その手には、剪定バサミ…ではなく、魔力を帯びた小刀が握られている。
「あら。ノアじゃないの。 なんで植物園に…?」
「たまたま職員募集があったので、副業です。
あ、もちろん私の部下たちも『清掃員』として園内のあちこちに配置済みですよ。
それに、メリッサから『王子派が不穏な動きを見せている』と報告がありましたからね。」
(あぁ、あの件か。っていうか副業は絶対嘘やん。)
王子とその側近たちが、この植物園で何やら企んでいるということは、先日のイジメの件で二重スパイになったハンスから事前に上がっていた。
彼らの狙いは、この植物園で私とエルザ姉様が「偶然」怪我をする筋書きを作ること。
私たちが不在の間に革新派を盛り返そうという、あまりに短絡的で浅はかな作戦だ。
(この程度、メリッサがいれば十分だと思っていたけれど…。
まったく、ノアたちまで総出で来られたら、大所帯すぎてちょっと恥ずかしいじゃない。)

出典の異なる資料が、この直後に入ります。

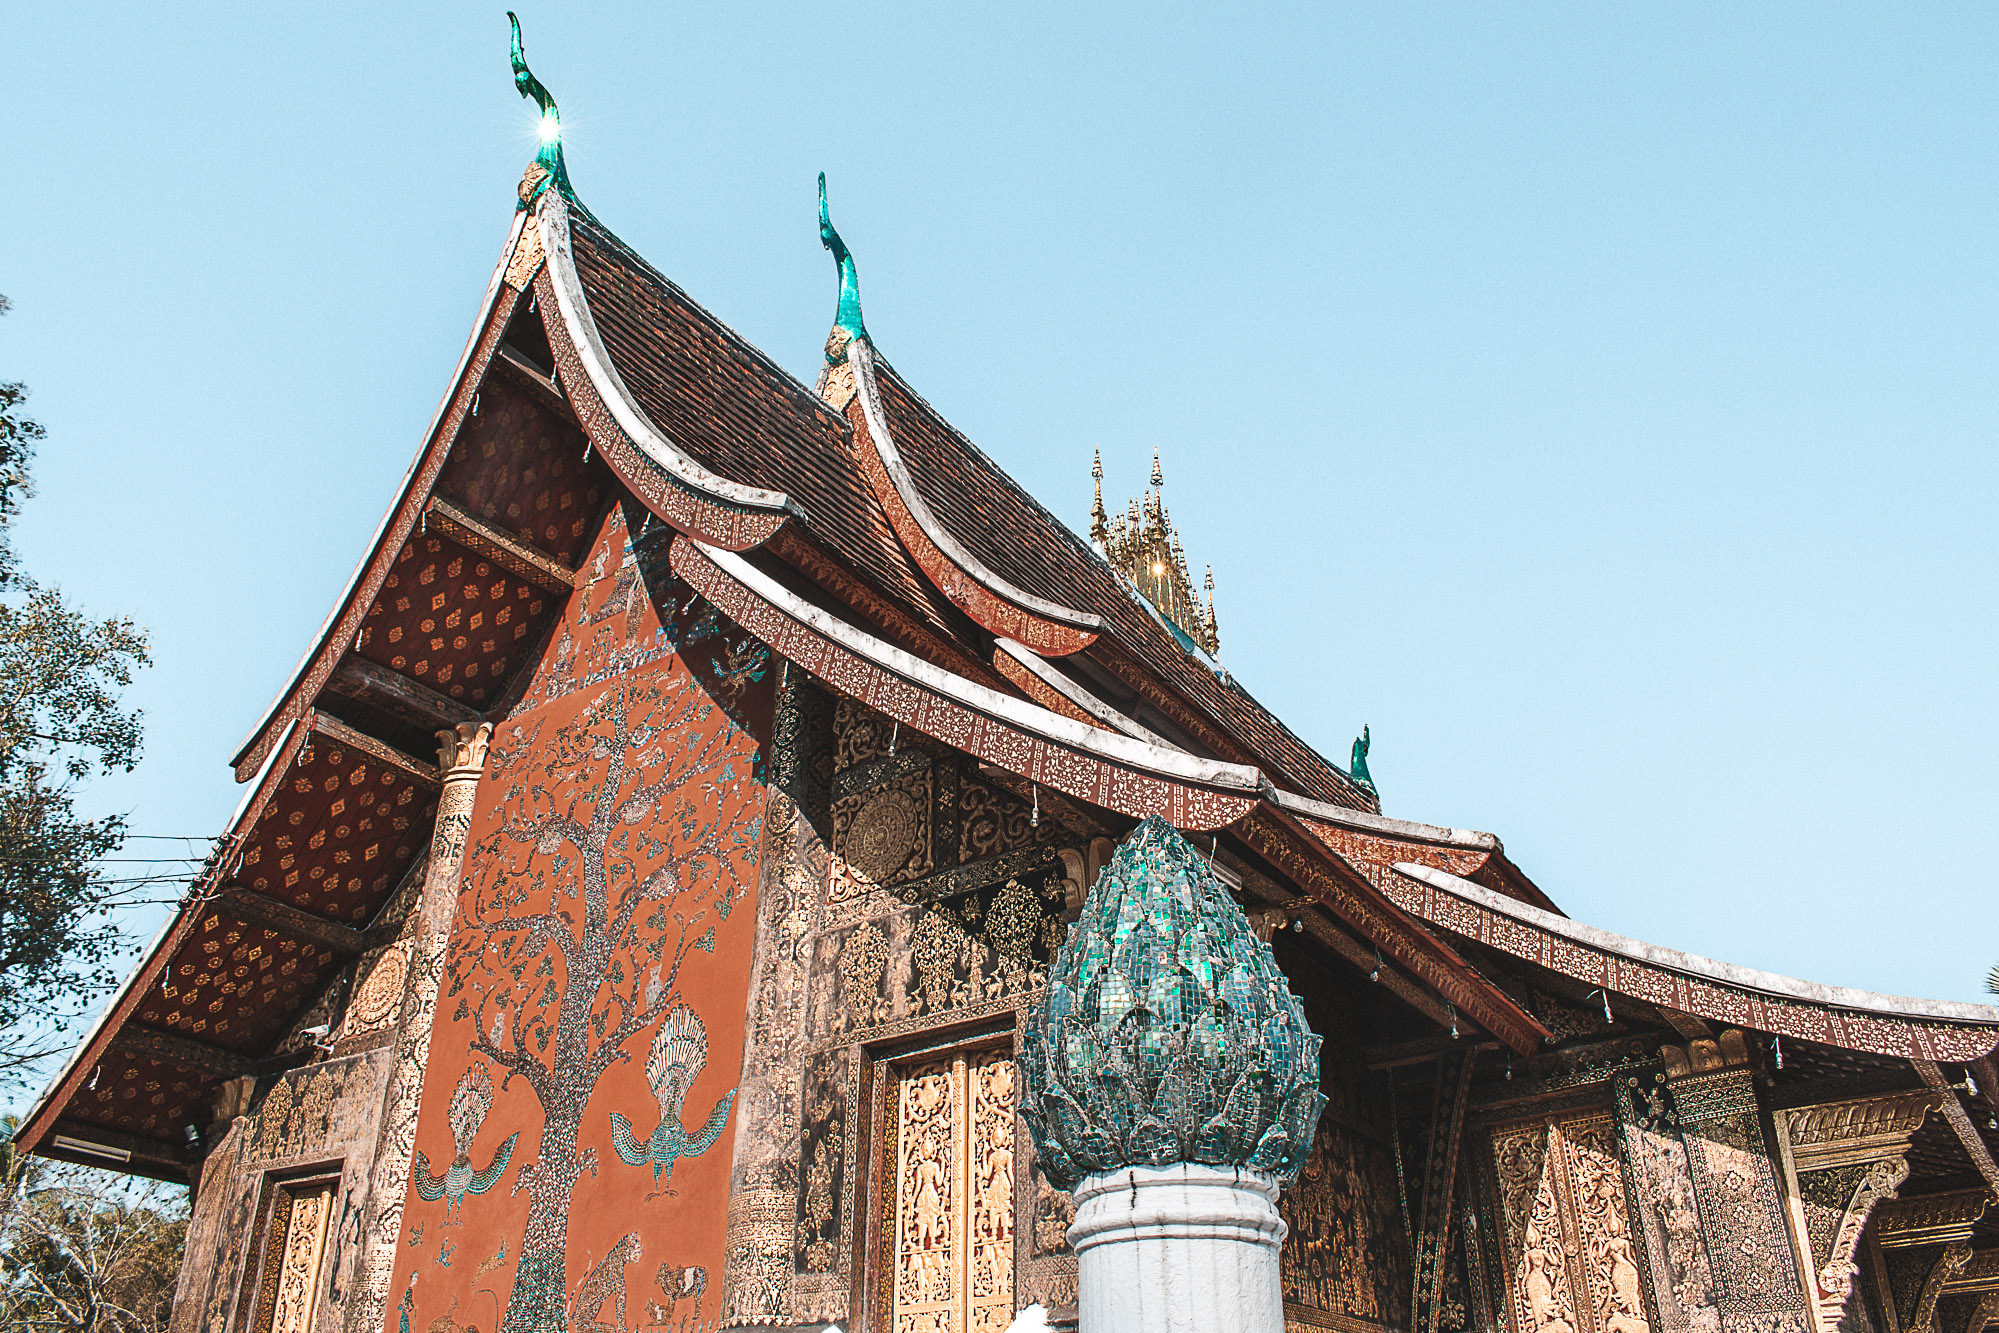 Roteiro de viagem em Luang Prabang no Laos

ノアは爽やかな笑みを浮かべているが、その瞳は一切笑っていない。
彼の視線の先――茂みの陰で、腰を抜かして震えている一人の男子生徒がいた。
リュシアン王子の取り巻きの一人で、この計画の立案者で、初等部の者だった。
「ヒッ…!? な、なんで…?! あそこに立てば、魔植物が暴走するはずじゃ…!」
「ああ、君がさっき『魔力を活性化させる粉』を撒いていたやつかい?
悪いけど、全部回収させてもらったよ。」
ノアの部下たちが、影からヌルりと姿を表す。
彼らの手には、王子派が仕掛けようとした証拠品が握られていた。
ブックマーク・お気に入り・評価
お願いいたします。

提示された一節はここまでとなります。